Наверное, приемы у Исаевых обставлялись не менее торжественно, но первые же революционные перемены побудили хозяев бежать. Бежать так стремительно, что им пришлось оставить заболевшего скарлатиной первенца Котю на попечение матери Веры Ивановны. Казалось очевидным, что бабушка перешлет его через границу сразу по выздоровлении. Кто может задержать ребенка?!
Граница замкнулась почти мгновенно. О выезде Коти не могло быть и речи. Бабушка записала его материнскую фамилию и поселилась в «Ноевом ковчеге». Но это оказалось первой и последней удачей в его жизни. Кончить школу сыну «бывших», да к тому же эмигрантов, не довелось. Думать об институте тем более не приходилось — дай бог устроиться рабочим. Неквалифицированным — в профессии мальчику тоже было отказано. Они так и жили, прямо над комнатами Софьи Стефановны, — худая, с восковым лицом старуха в черном платке и высокий, всегда горбившийся мальчик с хмурым взглядом темных глаз.
Когда весь мир будет восторженно рассуждать об исчезновении (наконец-то!) железного занавеса и толпы советских журналистов заполнят Запад, Котя Исаев ни о какой встрече с родными не сможет даже мечтать. Спасибо, что удалось выбиться в монтеры, а там и в лаборанты в Институте физики Земли. Он знал: «политического отбора» ему не удастся пройти. По каждому личному делу приговор выносился однажды и обжалованию не подлежал.
Рядом с родственниками былых домовладельцев ютился доцент кафедры русской литературы Московского университета, в недавнем прошлом сельский учитель — «выдвиженец». Безупречная социальная репутация давала возможность «выдвигаться» как угодно высоко. Владимир Иванович Сахаров отличался, по крайней мере, трудолюбием и пытался хоть как-то соответствовать выпавшей ему должности.
Этажом ниже квартиру делили рабочая с соседнего завода и рижский коммерсант Моисей Аралович, сумевший «списать», по его выражению, «социальную ущербность» на еврейское происхождение. Евреи пользовались безусловным преимуществом перед другими национальностями. И даже лихие советские общественники, проводившие дни и ночи в поисках крамолы, предпочитали обходить их стороной, чтобы не заслужить обвинения в антисемитизме.
Араловичи единственные в многоэтажном подъезде имели телефон, но охотно позволяли им пользоваться и звали к нему жильцов со всех этажей. Просто хозяйке надо было оставлять столько же, сколько стоило пользование муниципальным телефоном-автоматом. Все три дочери Араловичей имели высшее образование. Одна была известным хирургом в Институте скорой помощи имени Склифосовского, другая — инженером, третья работала в Коминтерне и имела дочь от одного из руководителей компартии Англии — Квелча.

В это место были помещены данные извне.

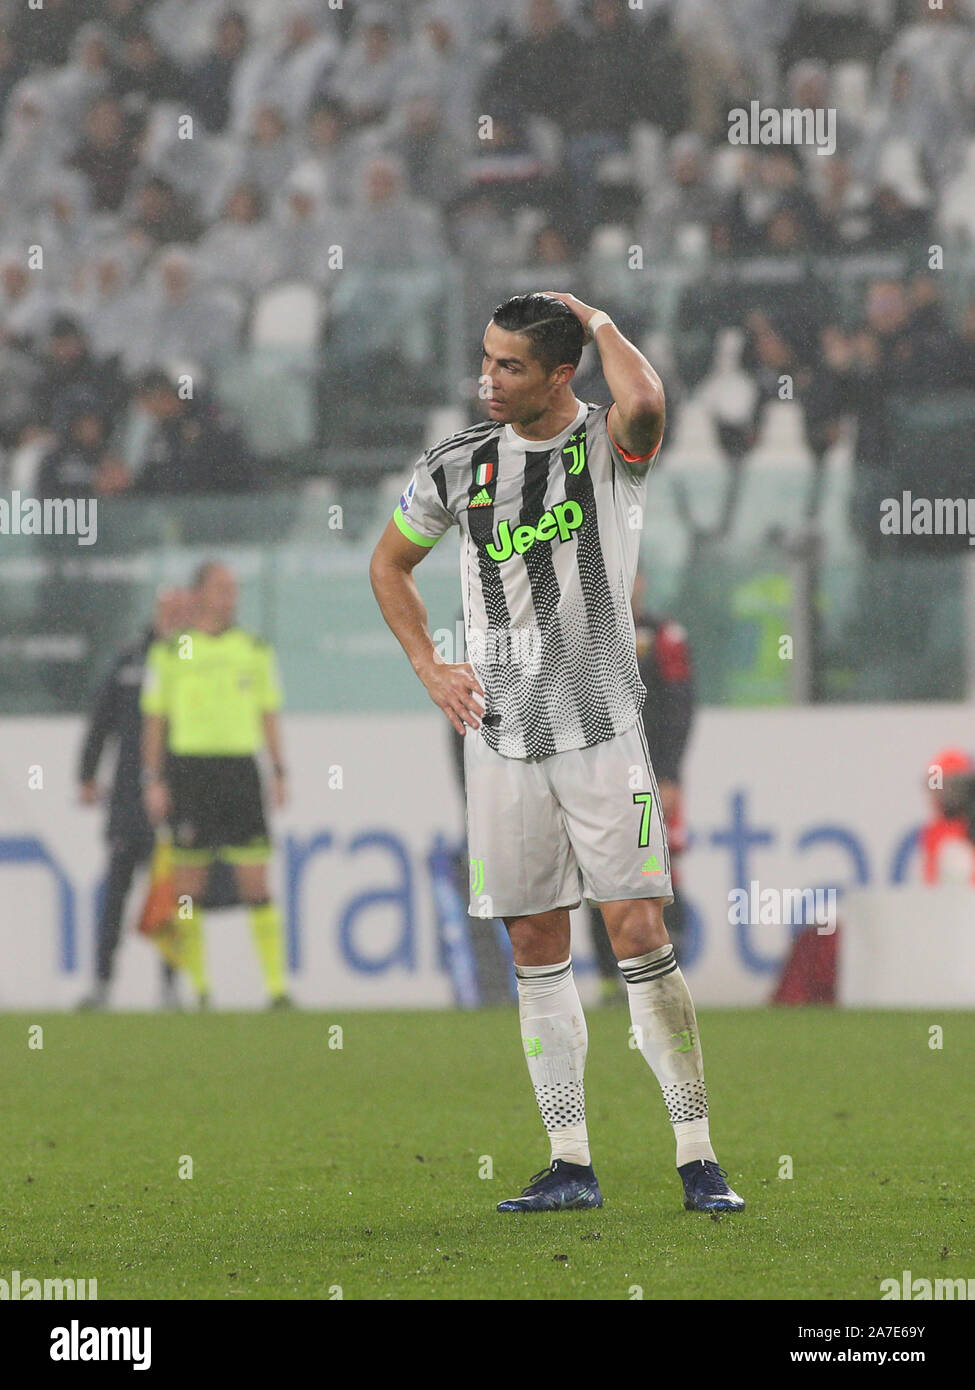 7 cristiano ronaldo (juventus) during Juventus vs Genoa, Torino, Italy, 30 Oct 2019, Soccer Italian Soccer Serie A Men Championship Stock Photo

Нина Квелч жила у бабушки с дедушкой на том же низком полусыром первом этаже, дверь в дверь с дирижером Большого театра. За дирижером приезжала перед спектаклями машина. Его прислуга выходила гулять с великолепным рыжим доберманом-пинчером — явление совершенно необычное, потому что остальные жившие в доме собаки и кошки носились по двору совершенно самостоятельно.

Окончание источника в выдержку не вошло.